Gretl Plessinger, Florida Department of Corrections spokesperson, agrees.

“Our concern is for public safety,” she says. “If they are homeless there is more of a chance they will abscond. There are already 91 homeless offenders around the state, mostly in South Florida, and the problem is getting bigger.”

The “residents” bathe in the bay and relieve themselves in compost toilets or in the underbrush.
The sleeping spots most protected from the elements are tucked about 20 feet up the concrete wall, under the bridge arches. Those spaces are just tall enough for tents. Long time residents have rights to those spots and live like cave dwellers.

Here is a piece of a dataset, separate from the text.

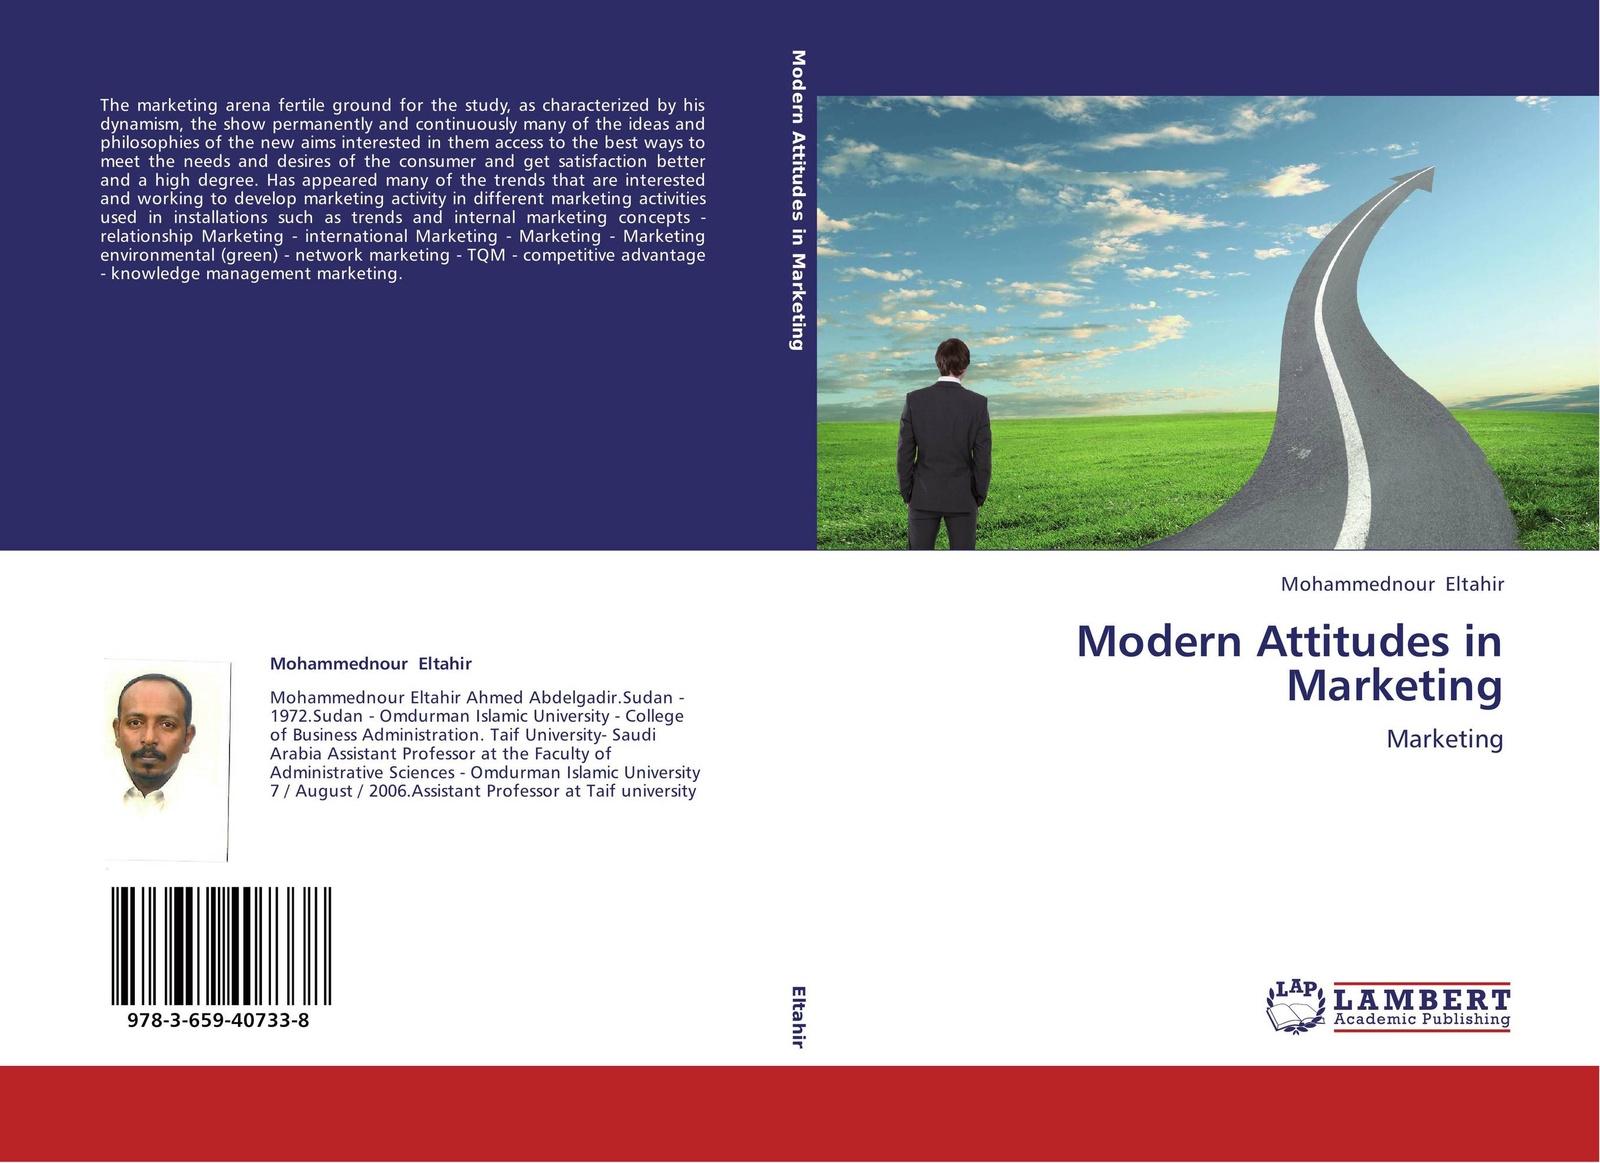 цена на Mohammednour Eltahir Modern Attitudes in Marketing

On ground level, the inhabitants are crammed together in tents, plywood shacks, a camper. A noisy generator powers light bulbs, fans, microwaves, phone chargers, and the GPS receivers many offenders must carry everywhere so they can be tracked by probation officers. Cooking is done on grills. The crowded, gerry-rigged conditions resemble the Third World.

Almost all residents are men, although sometimes girlfriends sleep over.
One woman lives here, convicted of exposing herself to minors.

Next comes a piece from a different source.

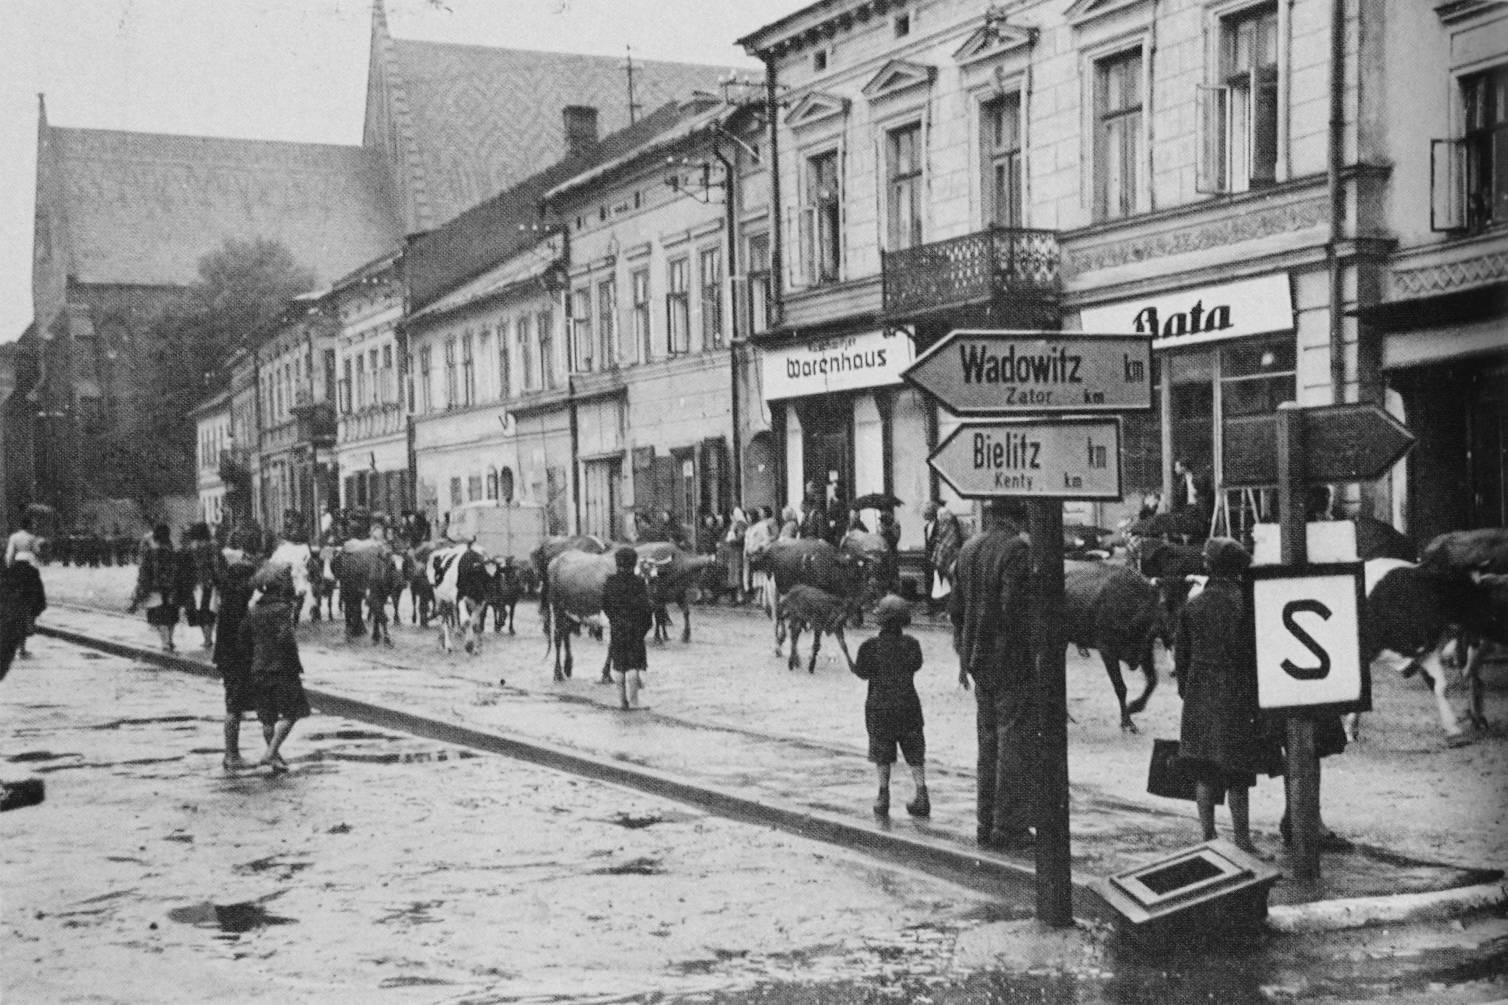 Markplaats van Oswiecim, 1940.

The expanding of buffer zones around Florida was provoked by a horrible event: the abduction, rape and murder of Jessica Lunsford, 9, by convicted sex predator John Couey in February 2005. Couey has been sentenced to death.

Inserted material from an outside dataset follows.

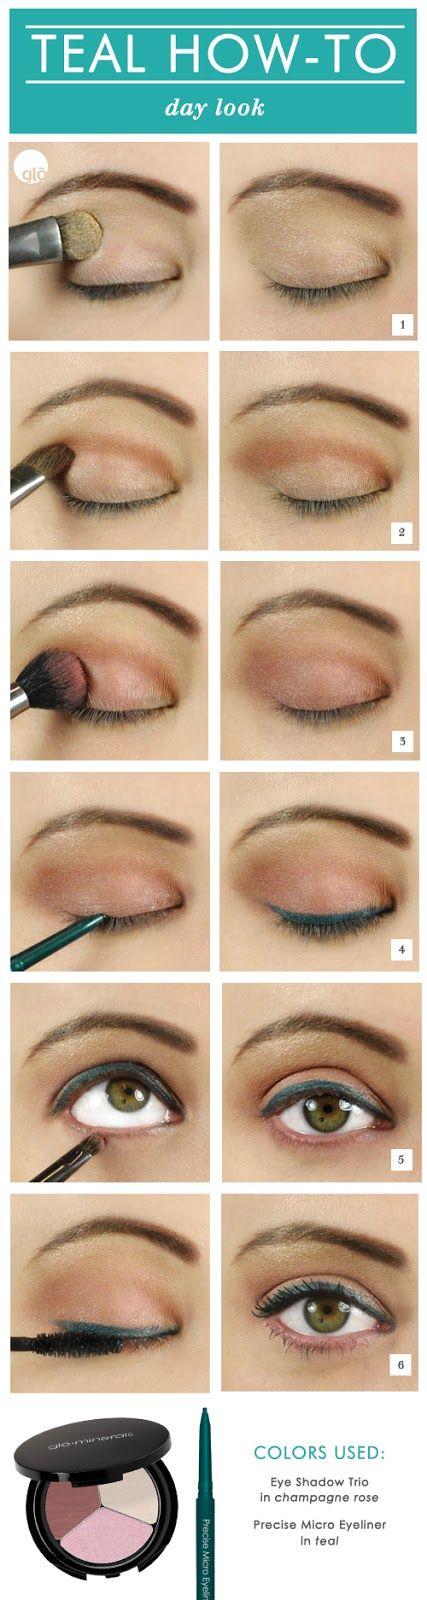 Makeup Tutorial: Creating a Daytime Look Using Teal Eyeliner

But most the bridge dwellers are not considered “predators,” men who have committed violent sexual acts or acts with children under 12. Most are sex “offenders,” and say they had sex with girls between 13 and 17.

Elliott Bloom, 31, says he was 19 when he had sex with a girl, 15. The offenders call those couplings between teenagers “Romeo and Juliet” cases and believe they are sometimes punished too harshly. Simon says the residency laws should distinguish between “offenders” and violent “predators,” but they don’t.
“Lot of things about these ordinances don’t make sense,” he says.

Dr. Jill Levenson, associate professor at Lynn University in Boca Raton, agrees.
Statistics show that the majority of reported sexual offenses against minors are committed by adults they know well, including relatives, and not strangers who stalk them, as in the Lunsford case.

“And according to the research there is no difference in the recidivism rate if sexual offenders live 1,000 feet away from schools and playgrounds or 2,500 feet,” she said. “If the idea is that the kids be out of sight of the offender, 1000 feet is more than three football fields.”

But Levenson says other elements of the restrictions make even less sense.
“From 6 a.m. until 10 p.m. these men can be anywhere they want to be,” she says. “They could sit on a park bench across from a school if they wanted. But at night, when kids are home safe sleeping with their parents, these ordinances are ordering the offenders to be at a distance.”

In 2008 State Sen. Dave Aronberg, D-Greenacres, presented a bill in the legislature that would have made the state-wide buffer zone for living restrictions 1,500 feet, to go along with a 300-foot buffer zone during the day. It failed.

Simon says the ACLU is preparing litigation to try to force the state to alleviate the situation. Meanwhile, hurricane season has started. A severe storm will almost certainly destroy the camp.

“They say they are going to take us to a prison if one hits and then bring us back here,” says Troy Dumas, 32. “This is crazy.”